Pretty much everyone knows the western world is experiencing one of the worst recoveries on record. This is quite evident when looking at the incredibly long time it took for employment to get back to where it was in 2008, by the tentative growth in GDP, by the weakness in wage inflation, by the stubbornly high unemployment rates, and by the inexplicably low central bank target rates.
In terms of politics, the weak recovery is one of the many reasons a majority of the American public is tired of the sitting Democratic president. With general frustration with the rate of the current economic recovery, one might ask – could the weak recovery have something to do with finance?
The simple answer to this simple question is surely yes. The financial world affects large swaths of the business world, including the price of credit, the price of money, expectations formation, and the divvying up of risk, to name just a few.
Given the importance of the financial world to the economy as a whole, one way to inspect how well the financial sector is doing is looking at employment in the industry.
Financial Employment – by President
The figure shows the percentage growth in employment in the financial industry by president. The horizontal axis is the number of months into the given presidency. Perhaps unsurprisingly, financial employment under President Obama is the worst in at least the past 60 years, with total financial employment still 1.2 percent below where it was in January 2008.
Financial employment performed the best under presidents Reagan and Eisenhower, with industry employment up over 27 percent during both individuals’ presidencies. Financial industry employment also performed relatively well under presidents Truman and Clinton at 21 and 18 percent respectively.

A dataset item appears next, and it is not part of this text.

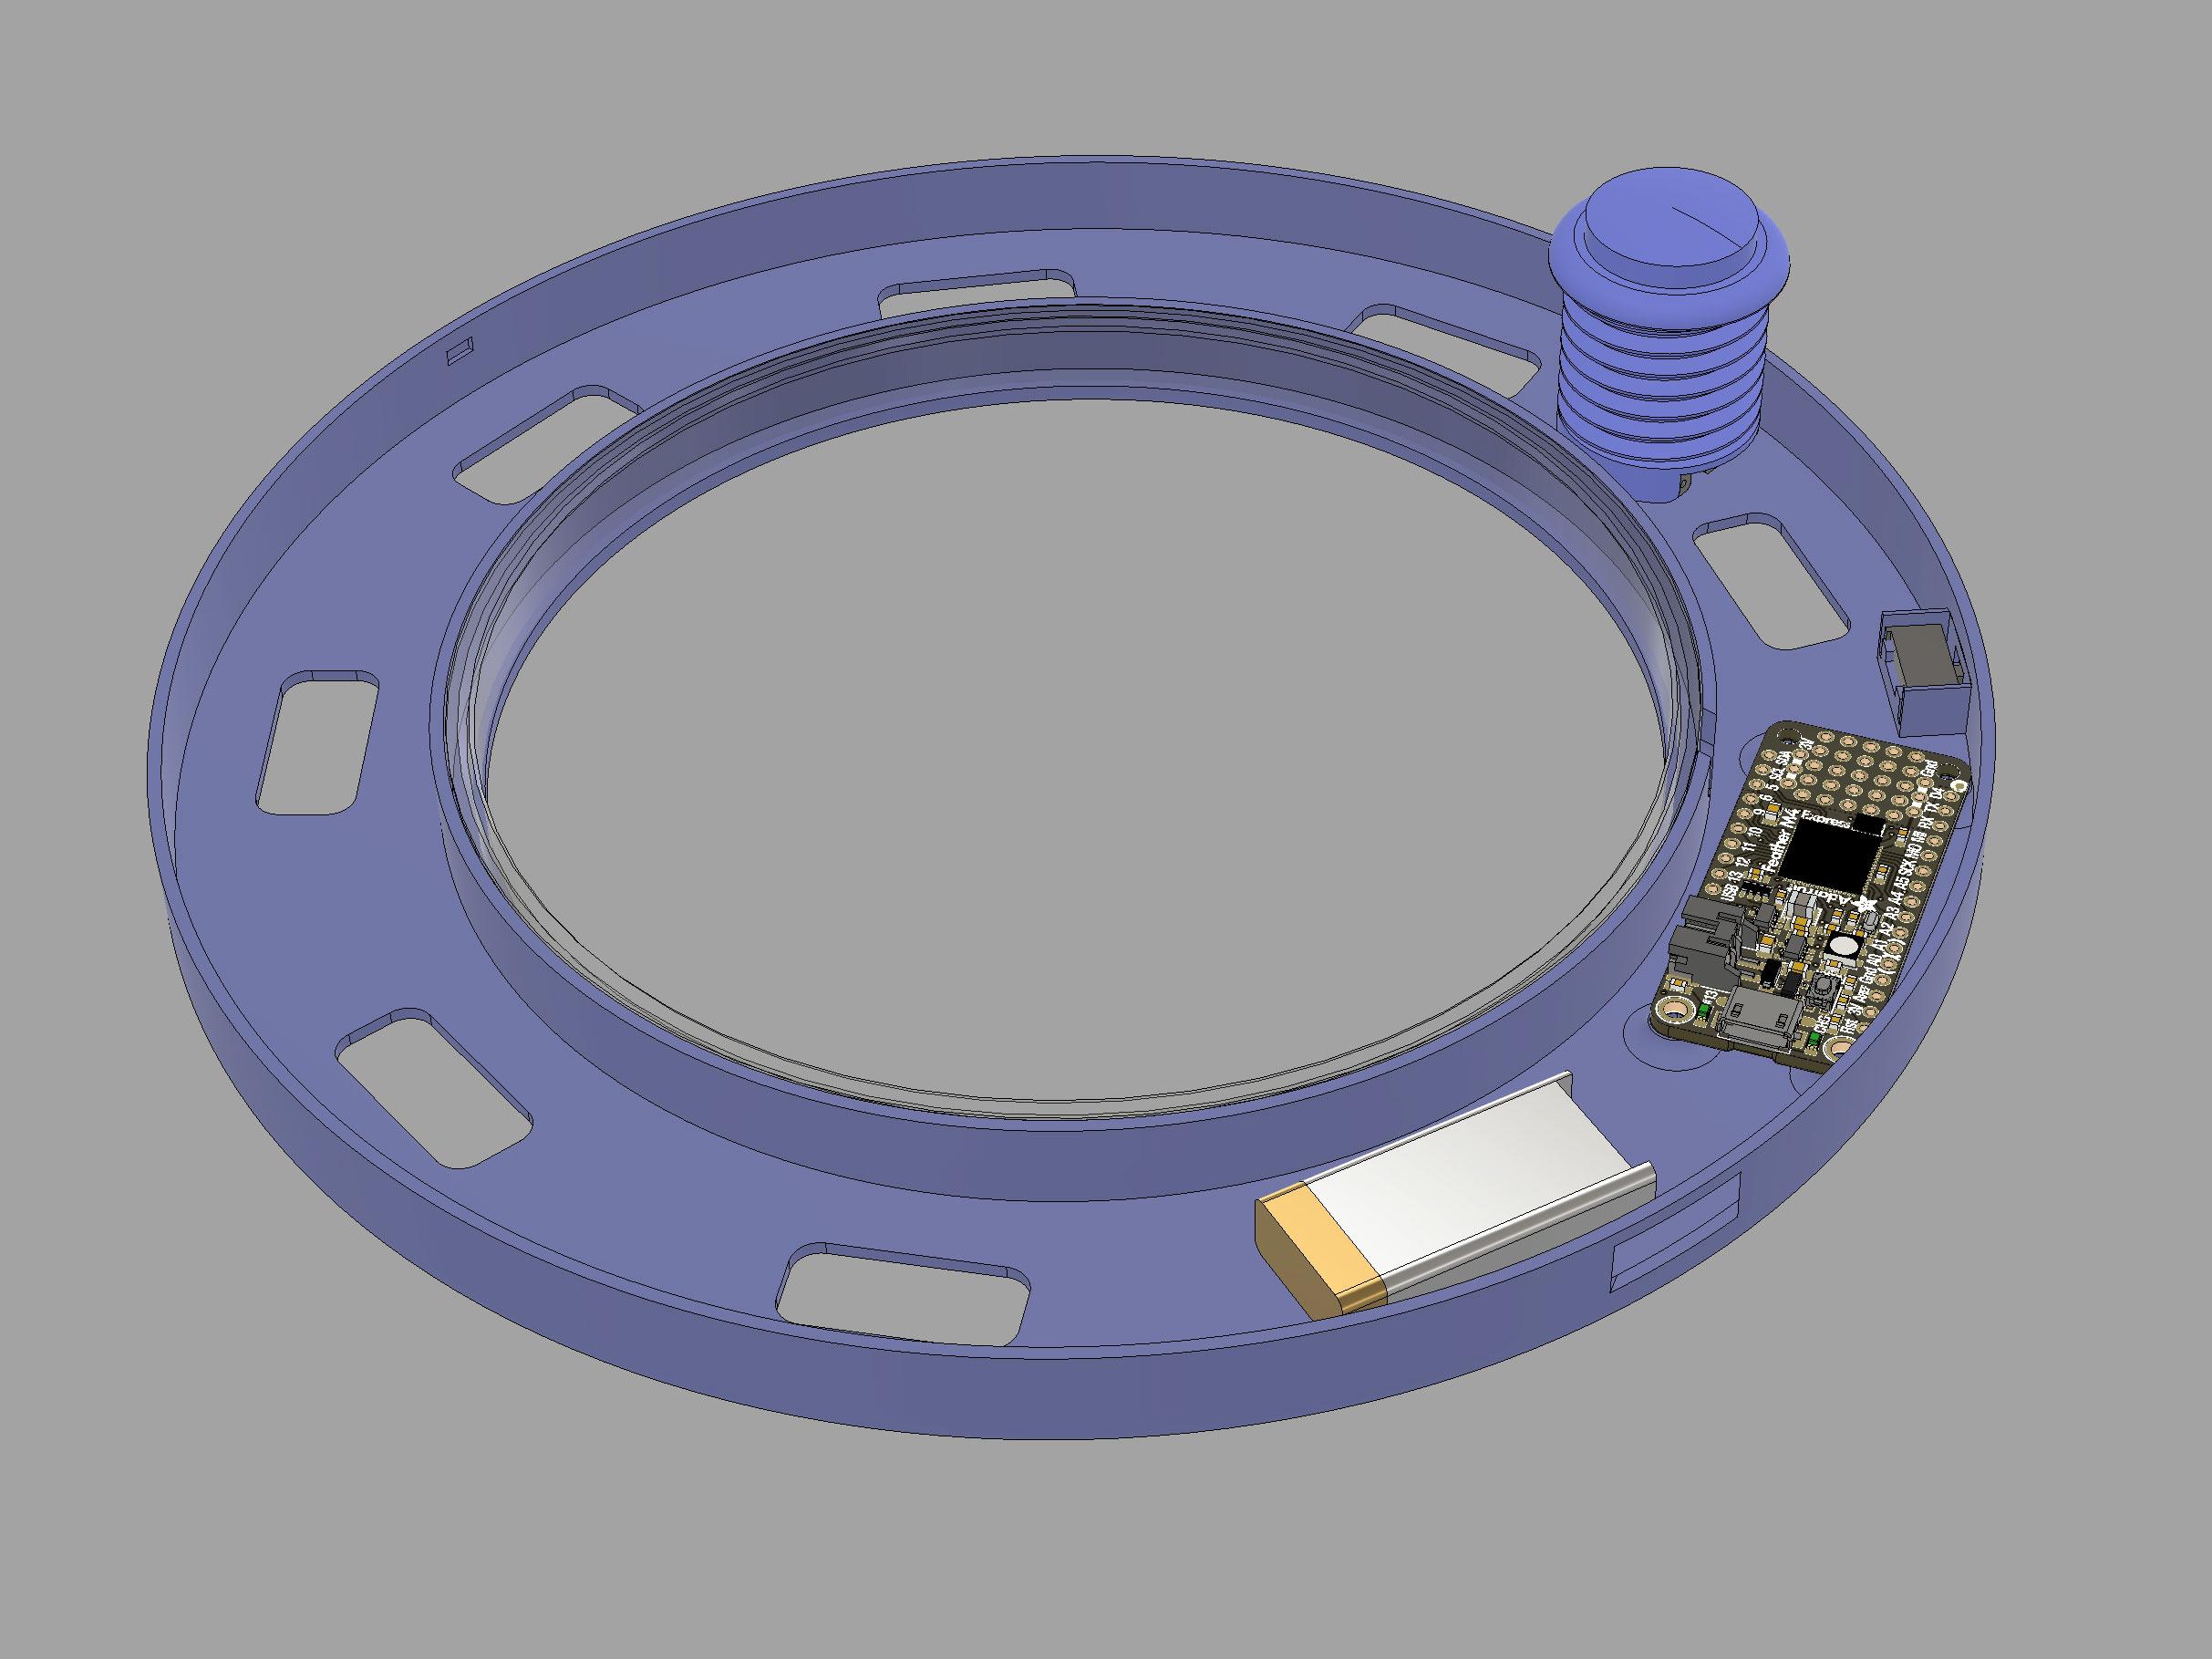 led_pixels_cad-parts.jpg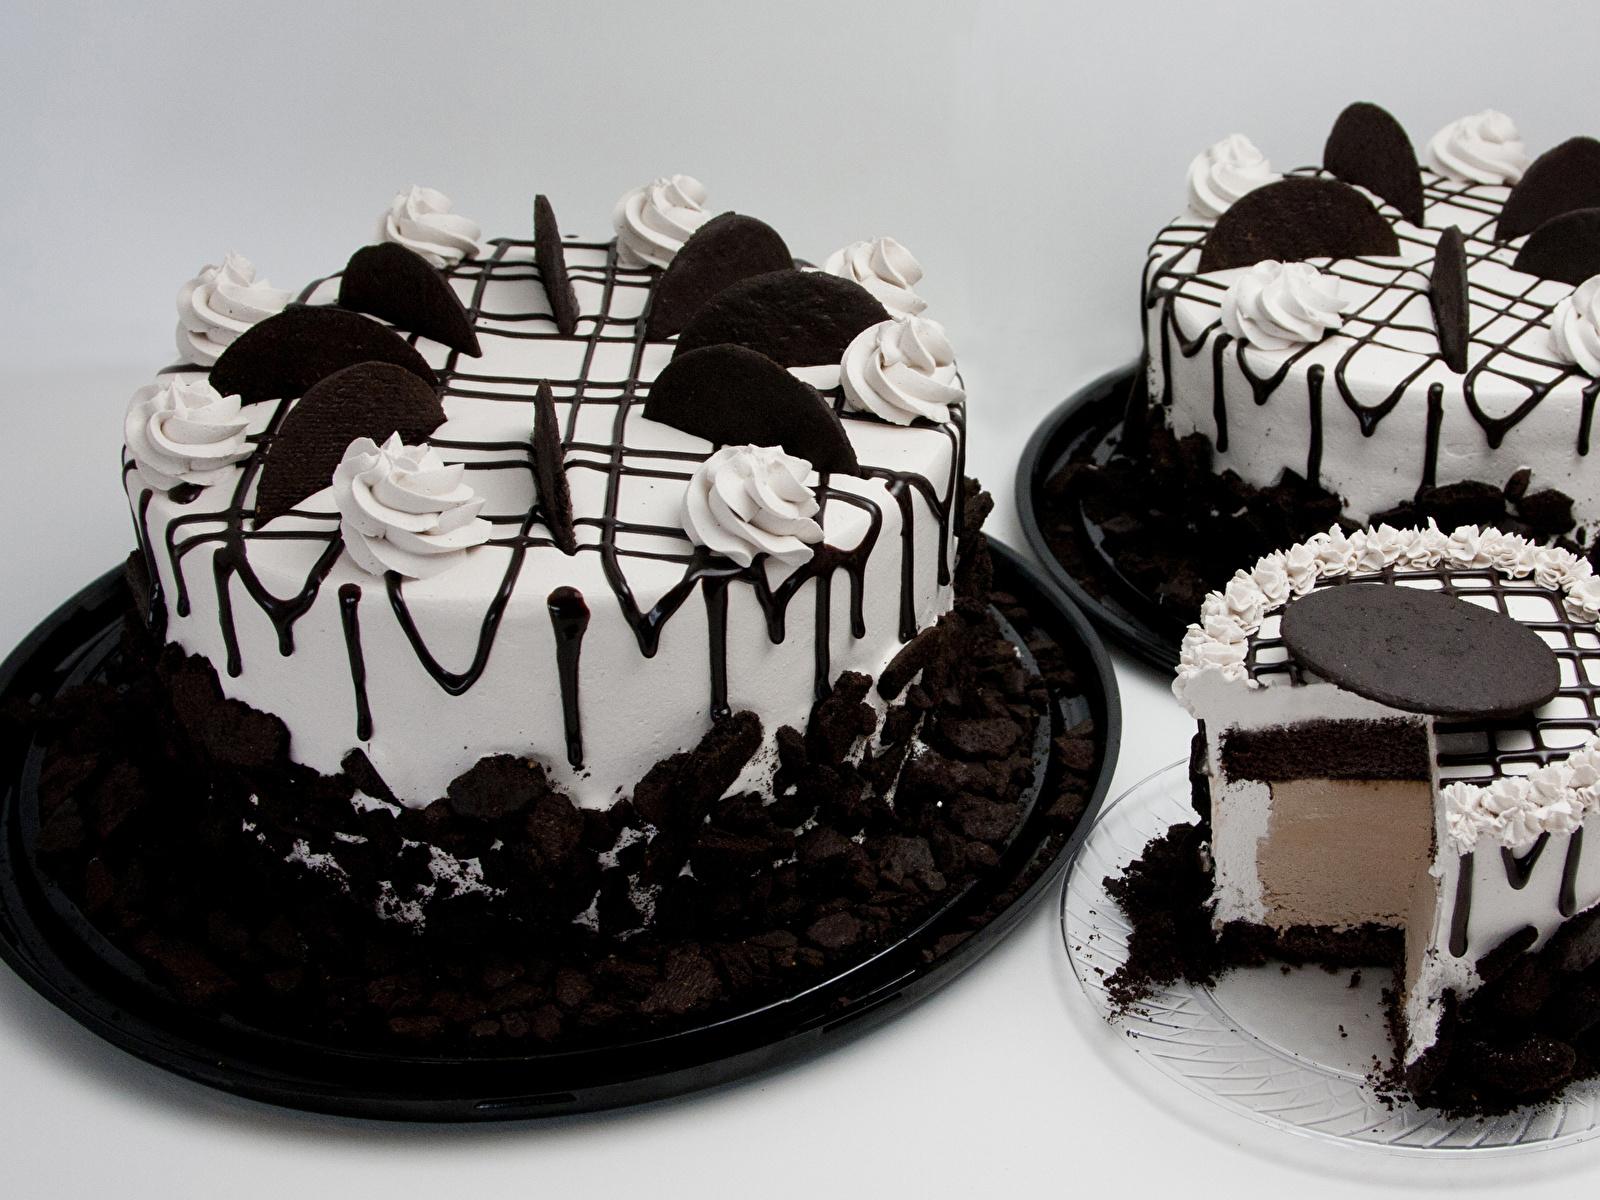 Картинки Шоколад Торты Еда три Сладости сером фоне Дизайн 1600x1200 Пища Трое 3 втроем Продукты питания Серый фон сладкая еда дизайна

One last interesting note is that there’s appears to be a long-term trend towards slower overall growth in the financial industry’s employment practice. This is evident when noticing that the bottom four performing presidencies have been the past four presidents. It, of course, doesn’t explain or excuse the lackluster jobs recovery in the financial industry under President Obama’s watch, but it does point to the fact that there are some underlying trends eating away at employment growth in the financial sector. Unsurprisingly, the same trend is generally present in the overall employment figures, although to a much less noticeable extent.
What’s contributing to the slow financial industry recovery under President Obama?
Interestingly, professional labor market observers can point to at least a couple policy actions that are at least partially to blame for the poor employment recovery in the financial sector.
First, Dodd-Frank. The latest political fireball lobbed at the financial industry has caused financial firms to rethink their role in commodity trading and other “politically sensitive” activities. Second, banks are preparing for Basel III capital requirements and other banking regulations, which certainly put downward pressure on the profitability of certain activities. Both of these are Obama Administration initiatives.
Overall, when looking at employment in the financial industry by presidency, the current Obama Administration comes out on bottom, with presidents Reagan and Eisenhower on top. Among the factors driving the poor recovery in financial industry employment are two policy decisions – Dodd-Frank and Basel III.